The full extent of MI5's knowledge of the July 7 suicide bombers and its failure to pursue them as priority targets can now be revealed.
The truth about the failure of Britain's intelligence agencies to investigate the July 7 terror cell had to be kept secret because of reporting restrictions surrounding the fertiliser bomb plot trial.
Mohammed Sidique Khan, the ringleader of the July 7 bombers, was a close associate of the leader of the fertiliser cell, Omar Khyam, at a time when he was one of Britain's top terror targets.
The two met each other at least four times in England while Khyam was under surveillance by MI5 in the final stages of his plotting.
At one point they were recorded by security service agents talking about terrorism.
Khyam also met another of the July 7 suicide gang - Khan's righthand man, Shehzad Tanweer - while under surveillance by MI5.
Yet neither Khan nor Tanweer were classified as priority targets by the security services.
Graham Foulkes, who lost his 22-year-old son David in the attacks, said that when he learned of the truth about July 7 he was "absolutely overwhelmed with a sense of sheer disbelief".
He said: "The consequences of that level of incompetence were such that my son was killed. That is truly appalling.
"Could the bombings have been prevented? As a father who lost a son, I am drawn to that conclusion."
Once the investigation, codenamed Operation Crevice, had wound up, it was MI5's responsibility to assess the threat posed by those on the fringes of the operation and decide what level of resources to devote to investigating them.
But the service decided Khan and Tanweer were "peripheral"
figures. They were listed among the dozens of "desirable" rather than core "essential" targets and, as a result, were able to slip through the net. Within 16 months they went on to kill 52 innocent people in the first suicide attack on European soil.
Khan and Khyam also attended a terror training camp together in Pakistan - a full two years before the July 7 bombings.
Crucial opportunities to identify Khan as a serious terror threat in the months before July 7 were missed.
A photograph of him was circulated by MI5 to intelligence agencies around the world in early 2005 yet, astonishingly, it was not shown to the one witness who could have positively identified him.
American Mohammed Babar, the "supergrass" in the fertiliser trial, had been to the same training camp as Khan and Khyam. After his arrest, he told the authorities that Khan, whom he knew as Ibrahim, was "trouble"
and "should be checked out".
But he was never shown Khan's picture by the FBI.
Babar was later said to have been angry about this failure when he heard that Khan led the attacks on London.
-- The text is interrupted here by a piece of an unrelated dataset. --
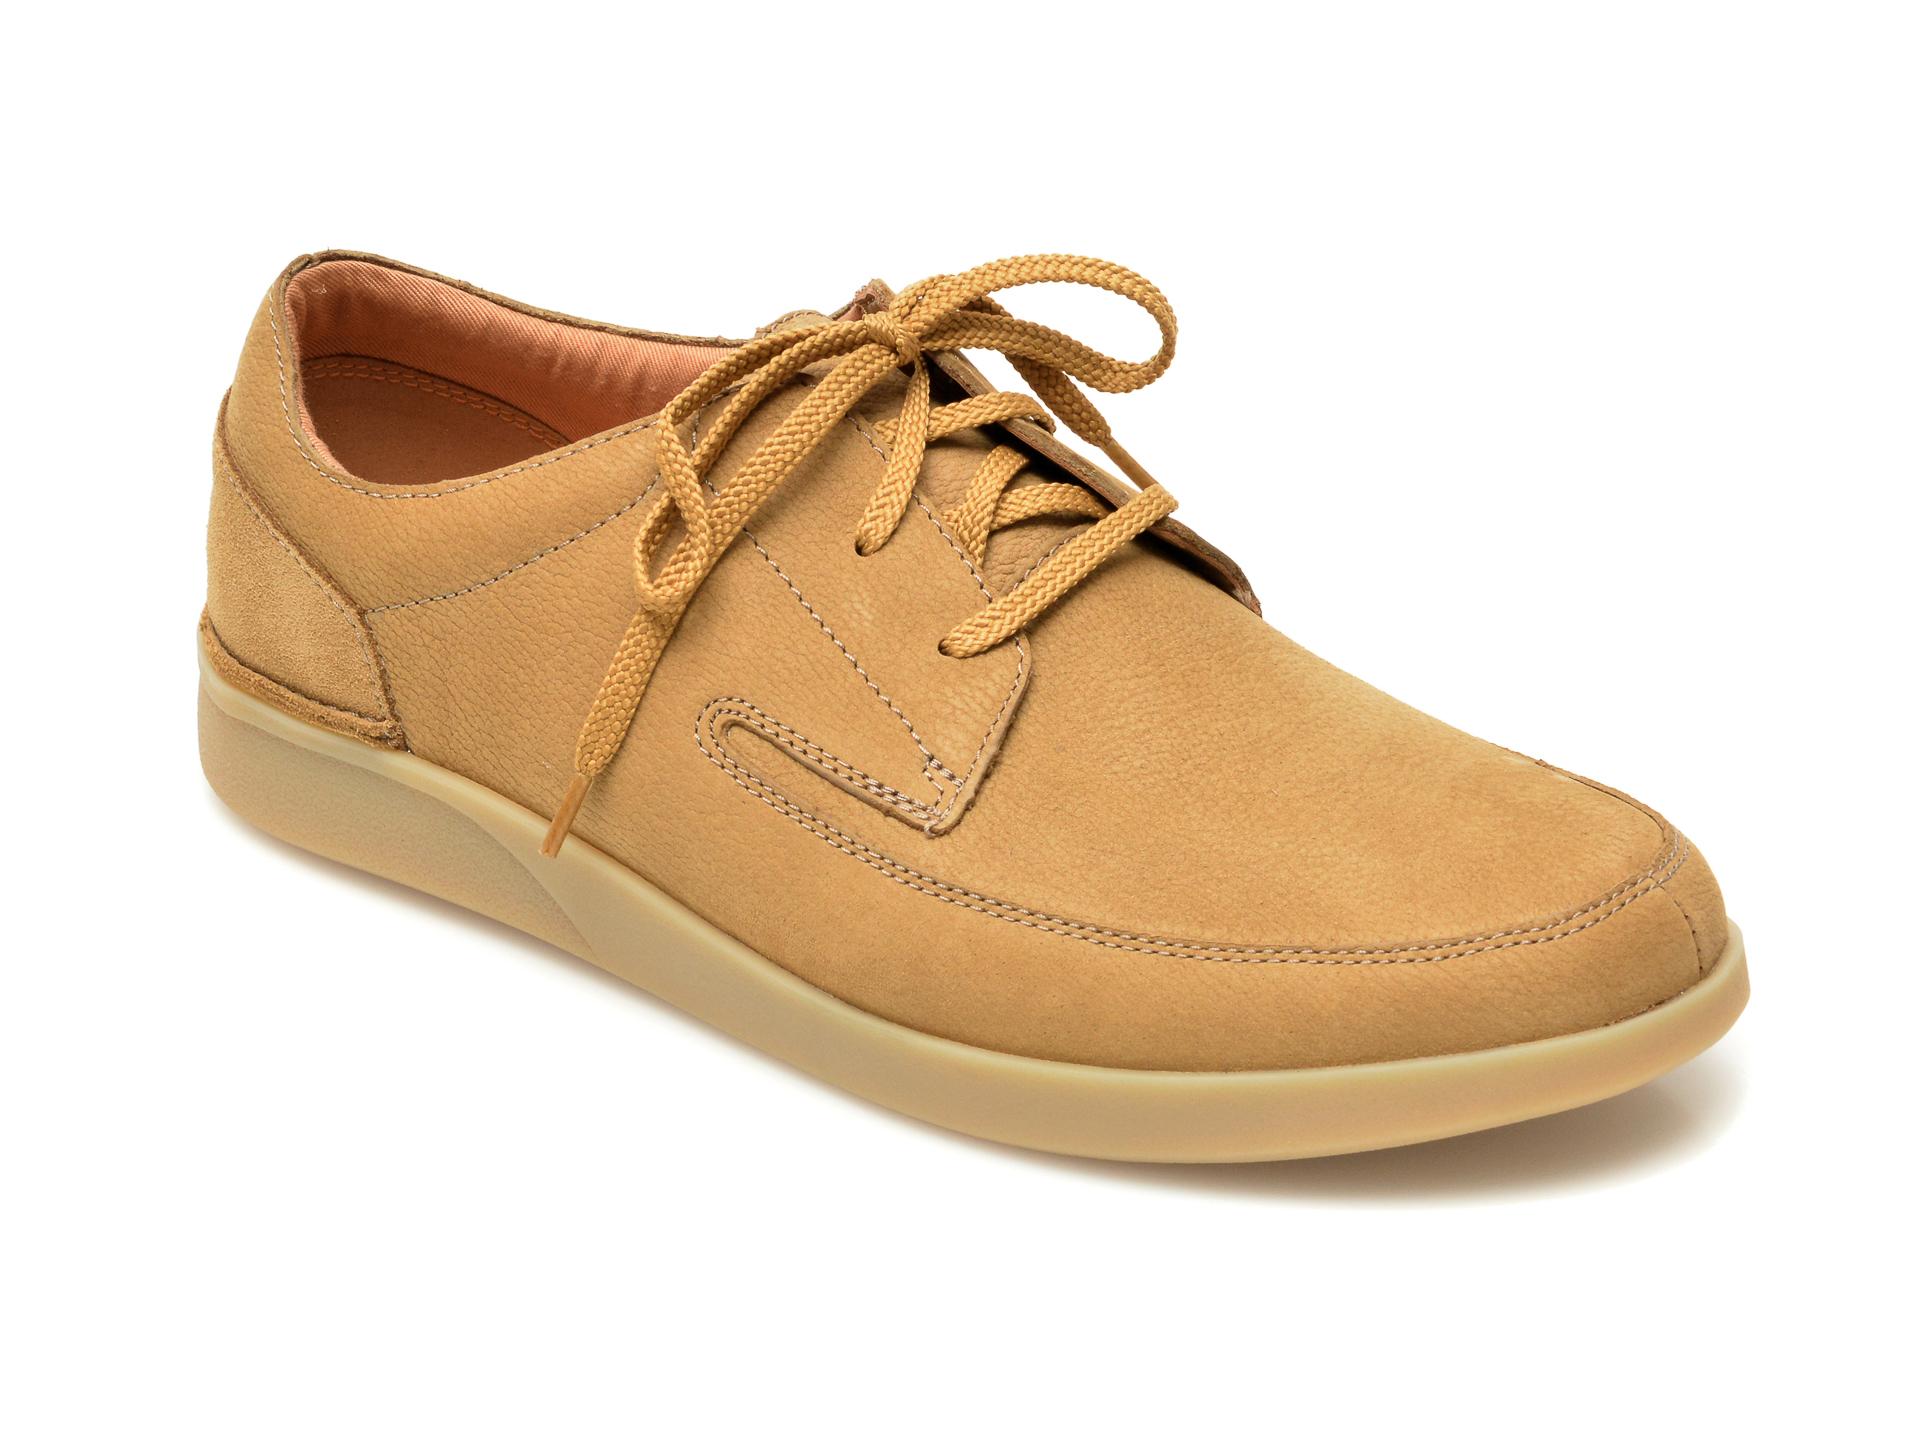 Pantofi CLARKS maro, Oakland Craft, din nabuc imagine otter.ro

In its official report on the bombings, the parliamentary Intelligence and Security Committee (ISC) described this as a "missed opportunity" to identify the man who would go on to lead the biggest mass casualty terrorist attack Britain has ever seen.
In the wake of the bombings, the Government insisted there had been no warning of the attack. The bombers were said to have been "clean skins" who had never made any significant impression on the intelligence radar before.
Yesterday's revelations will throw into doubt MI5's ability to protect Britain from terrorism and heap pressure on its head, Jonathan Evans, who took over from Dame Eliza Manningham- Buller just days ago.
He served as her deputy during part of the period in question.
Dame Eliza announced last year that she would be leaving, with some commentators alleging she was quitting just as the truth was about to come out.
Her departure is now likely to be seen as an attempt to allow the service to start "with a clean slate".
Furious survivors and grieving relatives renewed their calls for a public inquiry into the bombings.
Rachel North, who survived the blast on the Piccadilly Line train, said she was "very shocked" and "appalled" when she first learned the truth about Khan and Khyam.
She said it now appeared July 7 could have been prevented.
"This has fuelled my desire for an independent inquiry because it appears we have not been told the truth about what happened and what we knew about these bombers prior to July 7," she said.
Mr Foulkes, whose son, a media sales manager for The Guardian in Manchester, was killed in the Edgware Road blast, added of Dame Eliza's departure from the top job at MI5: "She has fallen on her sword. I think she jumped before an inquiry was held, which undoubtedly would have criticised her personally."
Shadow home secretary David Davis promised to table a series of parliamentary questions and called for an independent inquiry.